Best practice is to monitor software in use, to know when an update is available, and to update as fast as possible while following procedures to manage those updates securely. In some cases, assessing an update will lead to a decision that there is no need to apply a specific update, or a risk in doing so that outweighs the benefits.
🔗 Node Operators MUST have a persistent local anti-slashing database
🔗 Node Operators MUST document signature requirements for high-value transactions, including the definitions used to identify such transactions
🔗 Node Operators SHOULD use signature management tools to help secure high-value transactions
🔗 The primary and backup/failover versions of Signature management tools MUST implement mechanisms to ensure data continuity
🔗 Node Operators MUST deploy at least 2 distinct client applications for any level of the blockchain where at least 3 clients are available
🔗 Devices that control critical functions MUST be dedicated to that purpose, and configured with only the necessary software for their intended purpose
This applies to servers acting as validators, but also to devices authorized to access and administer those servers remotely.
🔗 Node Operators MUST implement processes to withdraw validators from a network in such a way that they are not penalised for disappearing
🔗 Node Operators MUST document configuration of software and hardware
🔗 Node Operators MUST implement appropriate key management procedures
Best Practise includes following a commonly recognised key management standard such as
🔗 Node Operators MUST document and follow information lifecycle processes for important operational information
This includes the definition and enforcement of retention periods, and the use of thorough deletion mechanisms, such as shred.
🔗 Node Operators MUST implement backup procedures, at minimum daily, for important operational data
🔗 Backup Procedures SHOULD produce journaled backups covering relevant retention periods
🔗 Node Operators MUST implement protection against accidental or malicious deletion of data
These requirements cover all information required by controls in this specification.
🔗 Node Operators MUST record and maintain important operational information
Best practice is to use a documentation management system. While this is likely to have different levels of access control, it is important that no information is available to only one employee.
🔗 Node Operators MUST have a policy for data retention
This needs to provide adequate retention to enable historical analysis and checking for anomalous patterns, while minimizing stored data and ensuring compliance with relevant data protection regulation.
🔗 All services MUST require appropriate authentication privileges
For example, a Node does not respond to anonymous requests from an unknown user.

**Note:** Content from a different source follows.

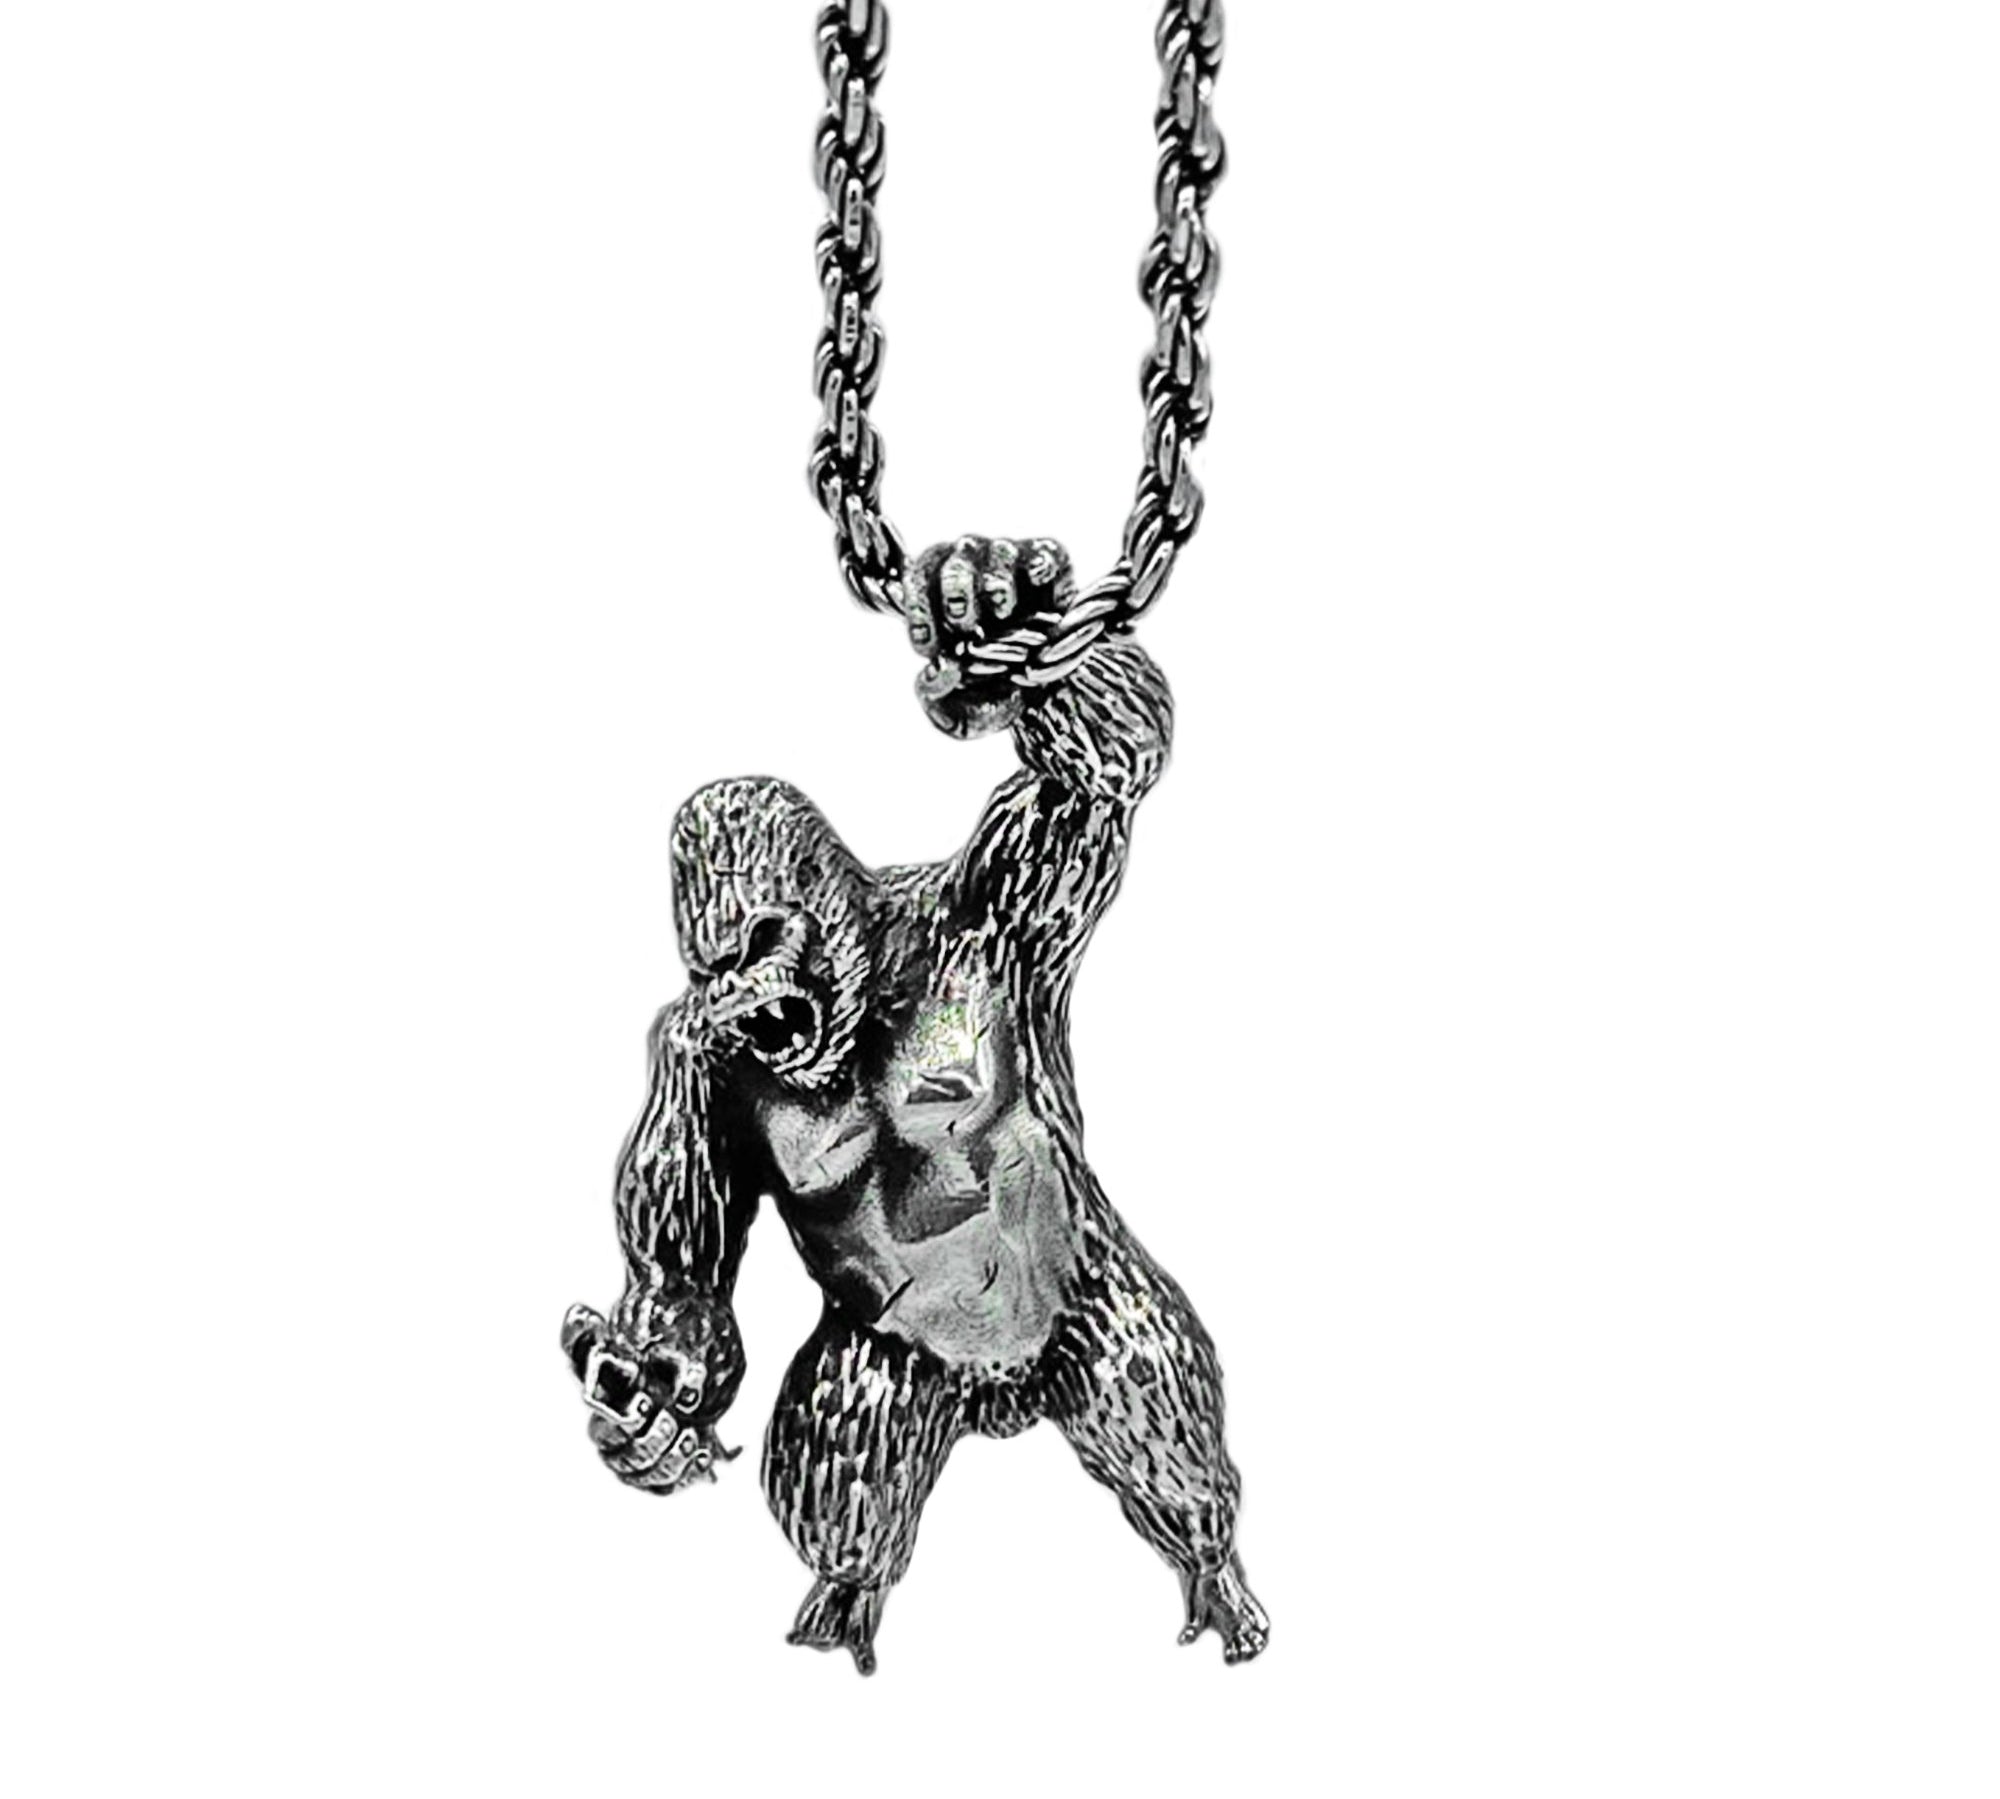 King Kong necklace, king Kong Merch, king Kong accessories, king Kong 8th wonder of the world 
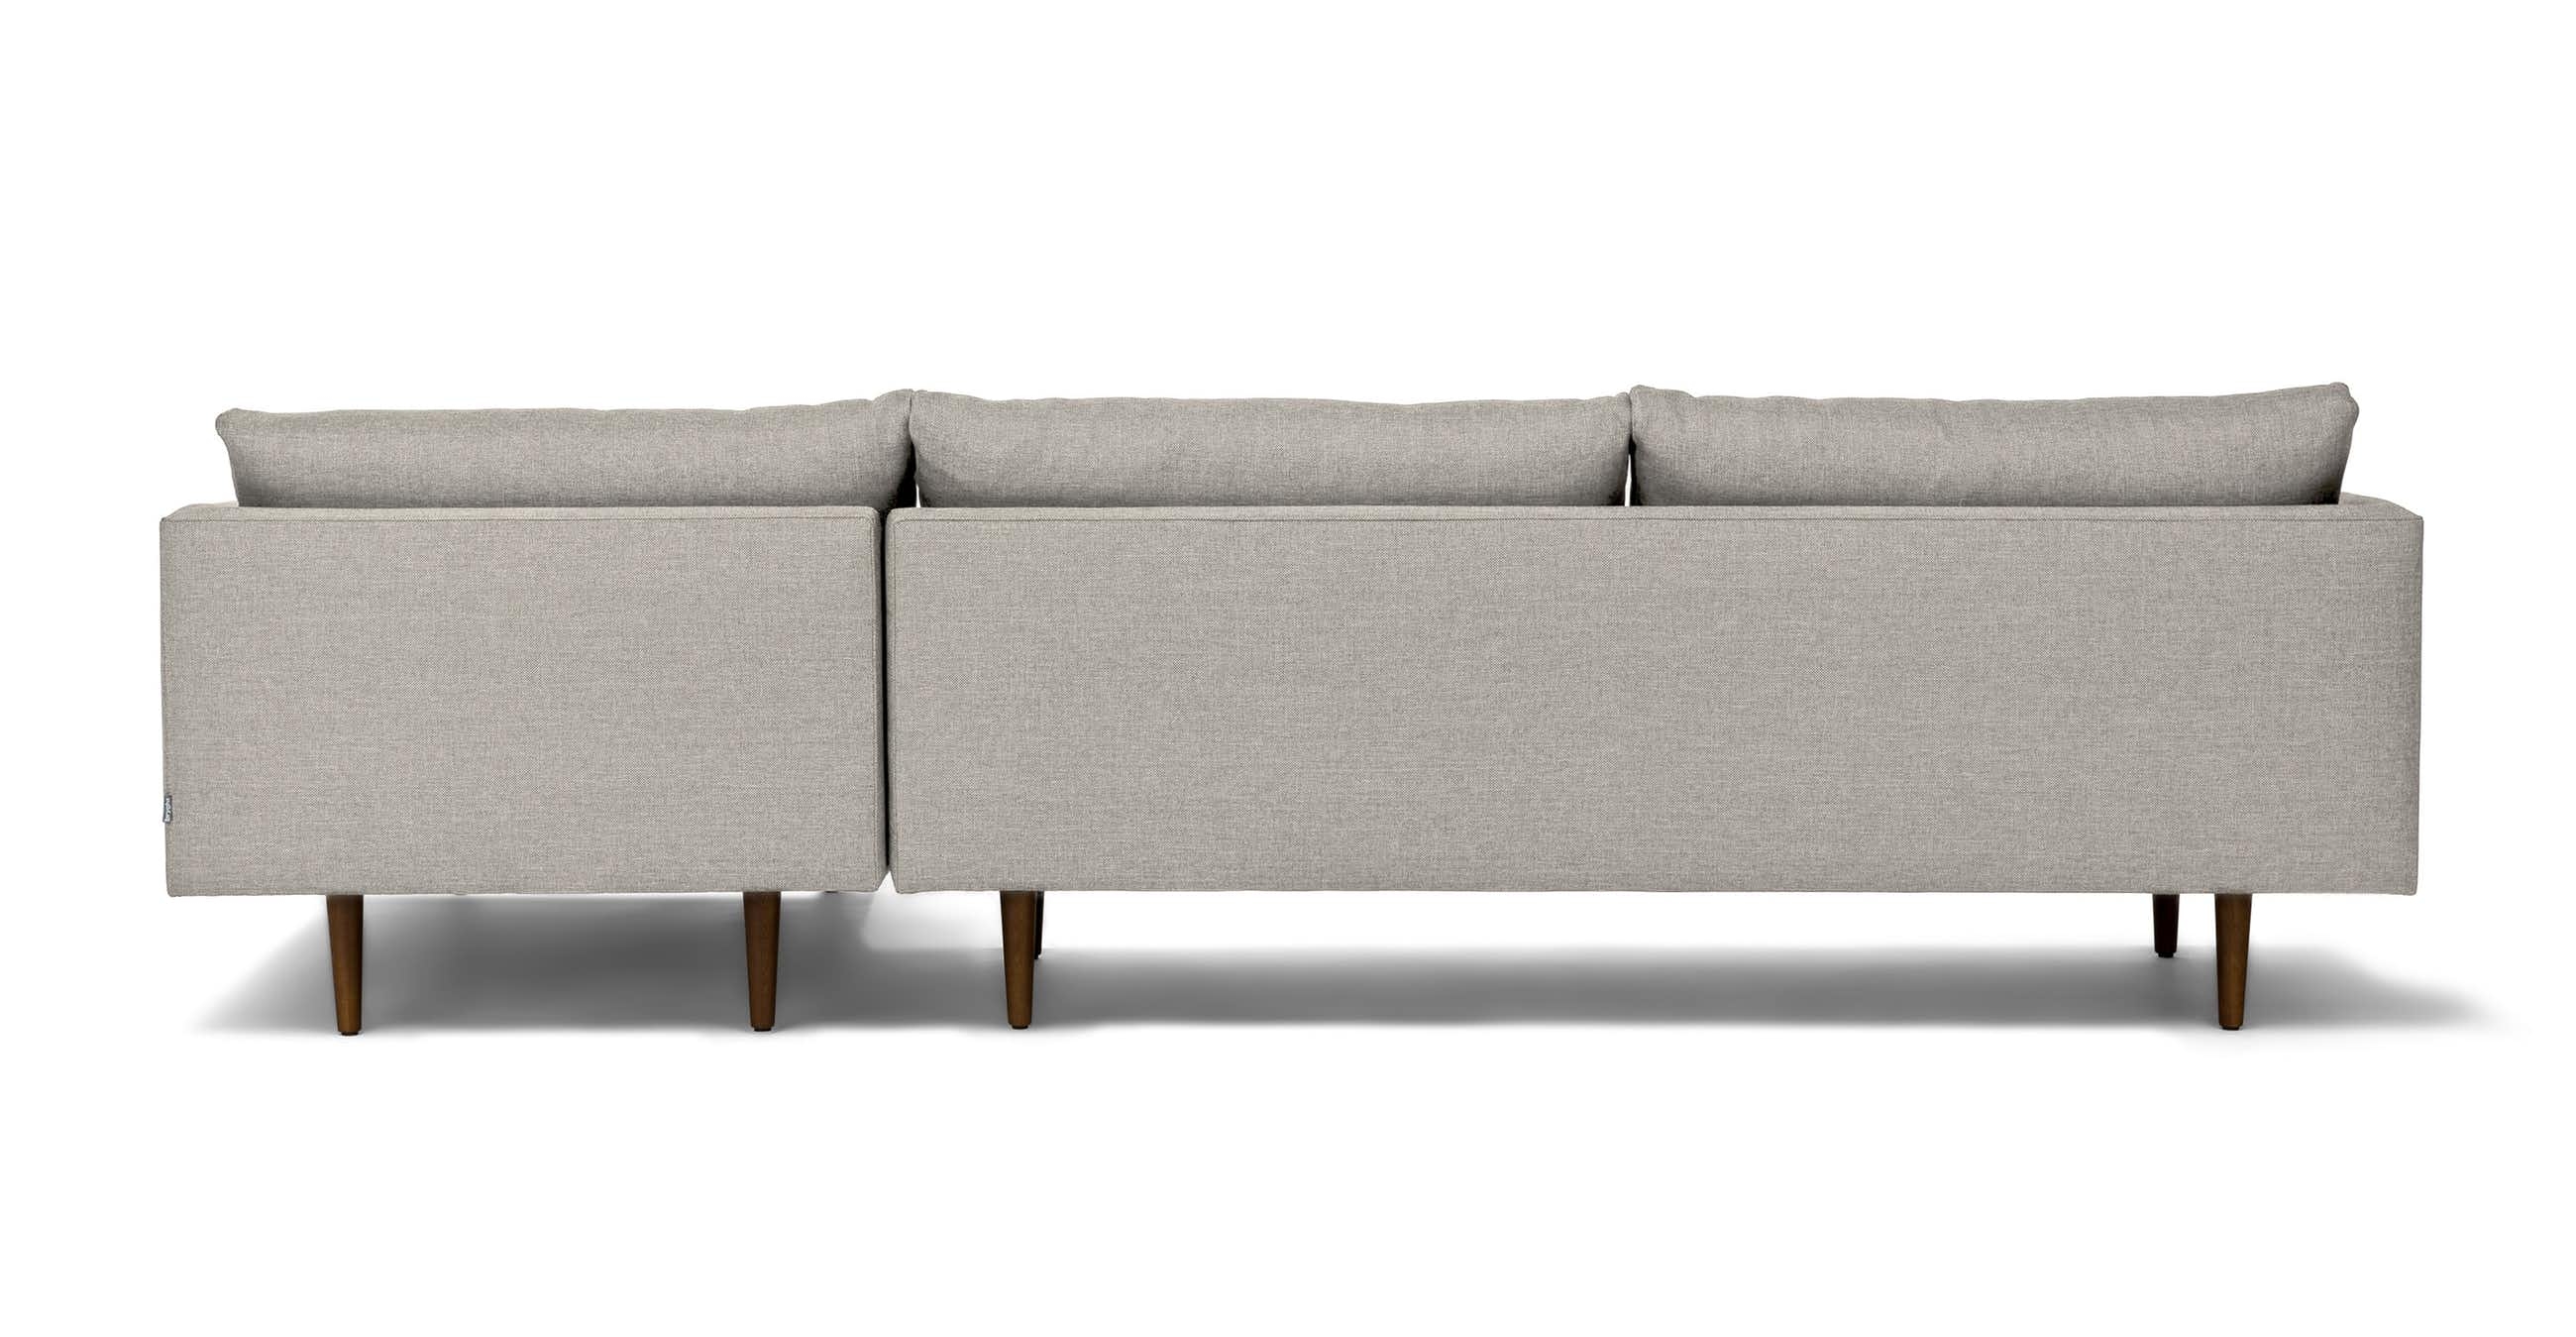 Burrard Seasalt Gray Right Sectional Sofa - Image 3

🔗 Networks MUST be segmented, to restrict access to systems that are identified as needing it
🔗 Nodes MUST NOT respond to requests from outside a defined network, except those that are explicitly defined as necessary
Fulfilling this requirement means maintaining a whitelist of individual services that are authorized to respond to requests from broader networks.
🔗 Entry to physical server locations MUST require authorization
For example, a biometric scan or the use of a keycard.
🔗 Software MUST NOT run with, and a user MUST NOT have a higher level of privilege than necessary
For example, check that software does not run as root, that users do not log in directly with root privileges, and software and users are granted fine-grained access based on need rather than broad-based access for simplicity.
🔗 A review of Access Rights MUST take place regularly
This covers both the processes and tools for granting and revoking access rights, and verifying that they are effectively managing access rights according to the relevant principles (Least Privilege, Role-based Access Control. Best practice for this review includes:
🔗 All data in transit MUST be encrypted, 🔗 and SHOULD use the most direct transmission available
🔗 All data "at rest" MUST be stored in encrypted form
This covers all services that communicate data, such as Databases, Web servers, Load balancers, Authentication systems, CI/CD pipeline tools, etc.
Best practices include ensuring that the latest version of TLS is being used, with secure algorithms.
Current best practice includes assessing the cost and risk associated with moving to quantum-safe cryptography, and appropriate timelines.
🔗 Node Operators MUST log network traffic, and analyze the logs for anomalous behaviour
🔗 Any operation that requires privileged access MUST be logged
🔗 Any assignment of a key, or assignment of a role to or removal of a role from a particular key, MUST be logged
This includes monitoring software that has privileged access.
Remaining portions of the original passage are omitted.